Bug #14539

[SDKs] [arv-mount] Use "." placeholder to persist empty directories

Added by Tom Clegg about 1 year ago. Updated 10 months ago.

Status:
Resolved
Priority:
Normal
Assigned To:
Category:
SDKs
Target version:
Start date:
12/18/2018
Due date:
% Done:

100%

Estimated time:
(Total: 0.00 h)
Story points:
-
Release relationship:
Auto

Description

When saving a collection, encode an empty directory like this:

./dir/emptysubdir d41d8cd98f00b204e9800998ecf8427e+0 0:0:\056

Subtasks

Task #14541: Review 14539-pysdk-empty-dirlResolvedLucas Di Pentima


Related issues

Related to Arvados - Bug #14806: [crunch1] unescape filenames when parsing manifests in crunch-jobResolved02/05/2019

Associated revisions

Revision 4620478d
Added by Lucas Di Pentima 11 months ago

Merge branch '14539-pysdk-empty-dir'
Closes #14539

Arvados-DCO-1.1-Signed-off-by: Lucas Di Pentima <>

History

#1 Updated by Tom Clegg about 1 year ago

  • Target version changed from Arvados Future Sprints to 2018-12-12 Sprint

#2 Updated by Tom Morris about 1 year ago

  • Target version changed from 2018-12-12 Sprint to 2018-11-28 Sprint

#3 Updated by Tom Morris about 1 year ago

  • Target version changed from 2018-11-28 Sprint to 2018-12-12 Sprint

#5 Updated by Lucas Di Pentima about 1 year ago

  • Assigned To set to Lucas Di Pentima

#6 Updated by Lucas Di Pentima about 1 year ago

  • Target version changed from 2018-12-12 Sprint to 2018-12-21 Sprint

#7 Updated by Lucas Di Pentima 12 months ago

  • Status changed from New to In Progress

#8 Updated by Lucas Di Pentima 12 months ago

Updates at 56959ea8492ec4f08aa90c89a8f41e5c278e3c41 - branch 14539-pysdk-empty-dir
Test run: https://ci.curoverse.com/job/developer-run-tests/1013/

  • Persist empty subdirectories by adding an empty file named \056 (".") to the manifest.
  • Don't allow explicitly use that name on file or directory names.
  • Test fixes & additions.

#10 Updated by Tom Clegg 12 months ago

The "save empty dir" part LGTM but I would like the test to include an empty directory whose name needs escaping, like "/foo bar/baz waz".

This part doesn't seem right. (Matching a specific encoding like \056 is a clue encoding/decoding is not being done properly.)

diff --git a/sdk/python/arvados/collection.py b/sdk/python/arvados/collection.py
index 627f0346d..c2517c618 100644
--- a/sdk/python/arvados/collection.py
+++ b/sdk/python/arvados/collection.py
@@ -600,6 +600,9 @@ class RichCollectionBase(CollectionBase):

         pathcomponents = path.split("/", 1)
         if pathcomponents[0]:
+            # Don't allow naming files/dirs \\056
+            if pathcomponents[0] == "\\056":
+                raise IOError(errno.EINVAL, "Invalid name", pathcomponents[0])
             item = self._items.get(pathcomponents[0])
             if len(pathcomponents) == 1:
                 if item is None:

Creating files and directories named '\056' should work fine.

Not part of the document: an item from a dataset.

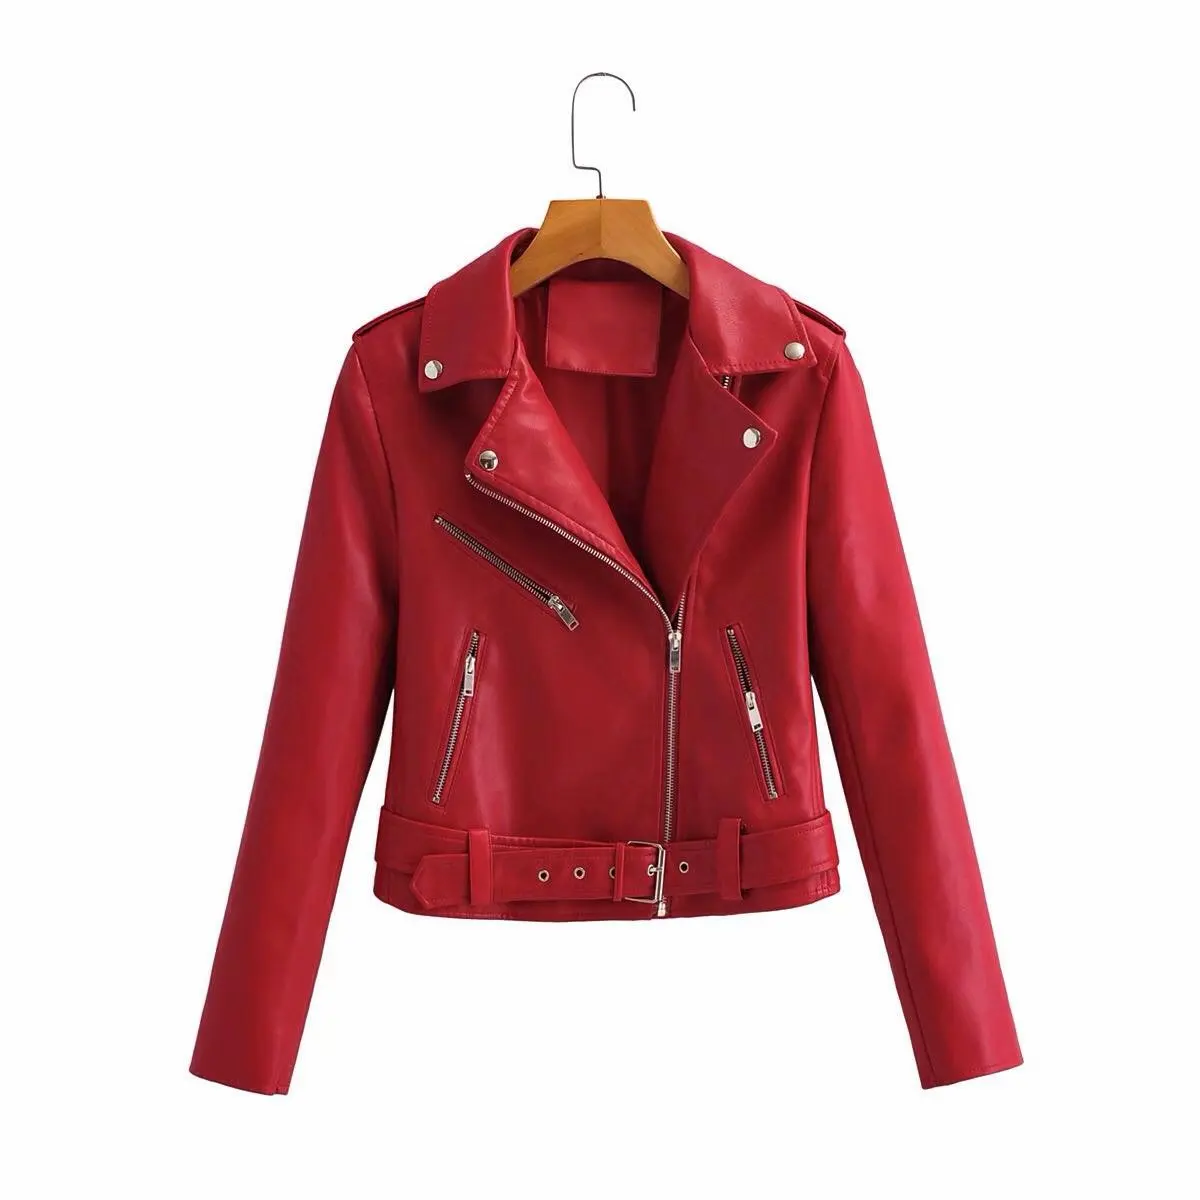 Pop Arrival brand Winter Autumn Red Motorcycle leather jackets Black leather jacket women leather coat slim PU jacket Leather

The manifest would look like this:

./\134056 d41d8cd98f00b204e9800998ecf8427e+0 0:0:\134056

The specific case of '\056' might be rare enough not to care about, but this seems to be revealing that something isn't escaping/unescaping backslashes properly. Indeed, a file named \040 seems to be written as \040 and then read back as " ", and this causes arv-mount to see its own updates as conflicts:

tomclegg@shell.4xphq:~/keepw/home/test$ touch '\040'
tomclegg@shell.4xphq:~/keepw/home/test$ ls -l
total 1
-rwxrwxrwx 1 tomclegg tomclegg 0 Dec 18 16:35 \040
-rwxrwxrwx 1 tomclegg tomclegg 0 Dec 18 16:35  ~20181218-163603~conflict~
tomclegg@shell.4xphq:~/keepw/home/test$ touch '\040'
tomclegg@shell.4xphq:~/keepw/home/test$ touch '\040'
tomclegg@shell.4xphq:~/keepw/home/test$ ls -l
total 2
-rwxrwxrwx 1 tomclegg tomclegg 0 Dec 18 16:35 \040
-rwxrwxrwx 1 tomclegg tomclegg 0 Dec 18 16:35  ~20181218-163603~conflict~
-rwxrwxrwx 1 tomclegg tomclegg 0 Dec 18 16:35  ~20181218-163644~conflict~
-rwxrwxrwx 1 tomclegg tomclegg 0 Dec 18 16:35  ~20181218-163656~conflict~

We should fix that instead of disallowing files/dirs named \056.

#11 Updated by Lucas Di Pentima 12 months ago

Ok, so after lots of testing and hair pulling, I think I got it to work. Squashed the many test commits by using rebase -i:

Update at 13e7ad8135a0bafc3d1d225ff7e4c62de4f3b43f
Test run: https://ci.curoverse.com/job/developer-run-tests/1020/

  • Moved the escaping to _normalize_stream(), doing it on find_or_create() was not right.
  • Removed code prohibiting to use '\056' as a file/dir name.
  • Updated tests.

#13 Updated by Lucas Di Pentima 11 months ago

  • Target version changed from 2018-12-21 Sprint to 2019-01-16 Sprint

#14 Updated by Tom Clegg 11 months ago

LGTM, thanks.

A couple of follow-ups, though:

This comment in FuseRmTest is now obsolete:

         # Can't have empty directories :-( so manifest will be empty.

Along with space and backslash, are there other chars that are legal in filenames but would be misinterpreted in a manifest? I suspect newline needs to be escaped, and we should probably do tab too (even if tab works unescaped, it could be distracting while troubleshooting).

#15 Updated by Lucas Di Pentima 11 months ago

Update at 735143cbf
Test run: https://ci.curoverse.com/job/developer-run-tests/1032/

Added escaping for \n and \t on file and stream names. Just in case I tested the use of : on file names and it seemed to me that it doesn't need escaping, no issues observed at the PySDK level.

#16 Updated by Tom Clegg 11 months ago

escape() should always escape backslash as \134, even when it isn't part of a valid escape sequence. This implementation encodes filename r'\400' as r'0:0:\400', which contradicts Keep manifest format.

Although the Python SDK can read unescaped colons in filenames, escaping them seems like a good idea. It is explicitly allowed by Keep manifest format.

By the same logic, rather than blacklisting chars, we should probably escape ":", space, and all non-printable chars (something like [:\000- ]). That would take care of \r, nul, etc.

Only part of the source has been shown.